THE FREEDOM OF A CHRISTIAN
1520
Luther: “To make the way smoother for the unlearned — for only them do I serve — I shall set down
the following two propositions concerning the freedom and bondage of the spirit:
A Christian is a perfectly free lord of all, subject to none.
A Christian is a perfectly dutiful servant of all, subject to all.”
The first power of faith:
The Word (=Jesus Christ in the power of the Spirit) confers righteousness upon believers
as the “happy exchange” (2 Cor. 5) occurs:
my shame for his glory,
my condemnation for his acceptance with the Father,
my sin for his righteousness.
The second power of faith:
Believers honour God by vesting all their trust in God.
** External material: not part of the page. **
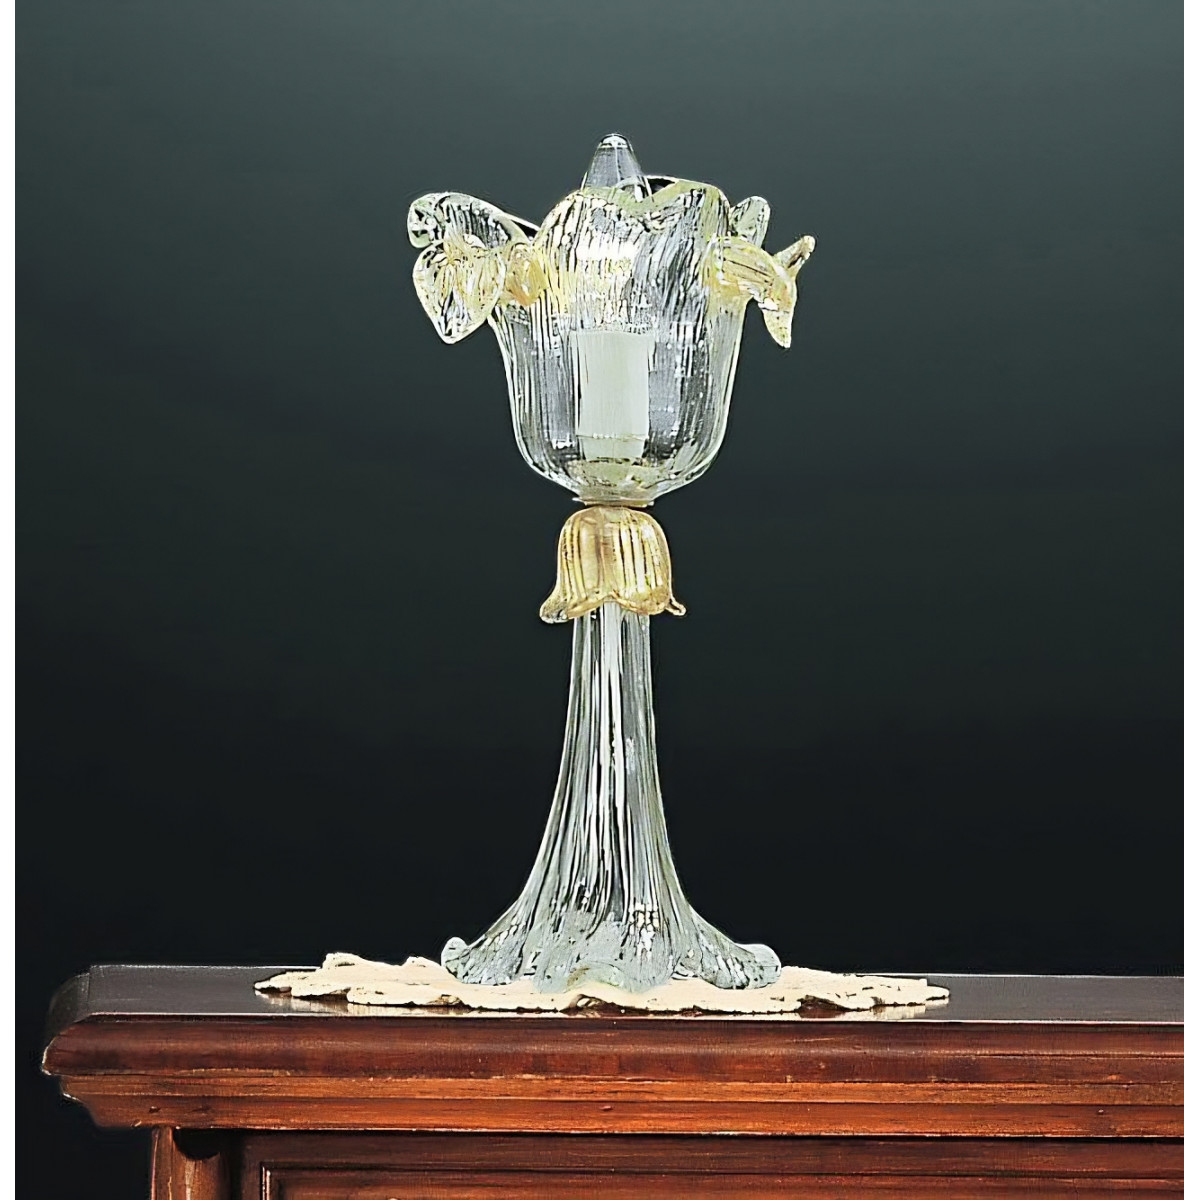 Accademia 1 light Murano small table lamp - transparent gold color

To honour God and trust him in this
way is to obey him. God can be obeyed only in faith.
Note Luther’s understanding here of the kind of obedience the Decalogue enjoins: not conformity to a moral code but rather eager, glad, grateful self-abandonment to the “character” God wills for me. My gratitude is born of the fact that God has redeemed me at measureless cost to himself.
E.g., the commandment, “Thou shalt not steal” is violated if I merely refrain from stealing.
God wants not external conformity from me but rather a living relationship (faith) with him wherein I cheerfully embrace the shape he ordains for my life. He ordains this shape for my good
(i.e., as blessing.) I gladly endorse it out of gratitude for what he has already done for me and
promises yet to do for me. My not-stealing is my faith-quickened abandonment of my selfist self
as I “put on” the “new man (woman)” he wills for my good.
In other words, the Decalogue never encourages moralism but always faith and the Christ-shaped
“new creature” that faith glories in.
The third power of faith:
We are united with Christ. (Actually the third is logically prior to and the ground of the first
two.)
Since faith “puts on” Christ, believers are free from sin, death, the world and the devil as Christ was free from the domination of sin, death, world and devil.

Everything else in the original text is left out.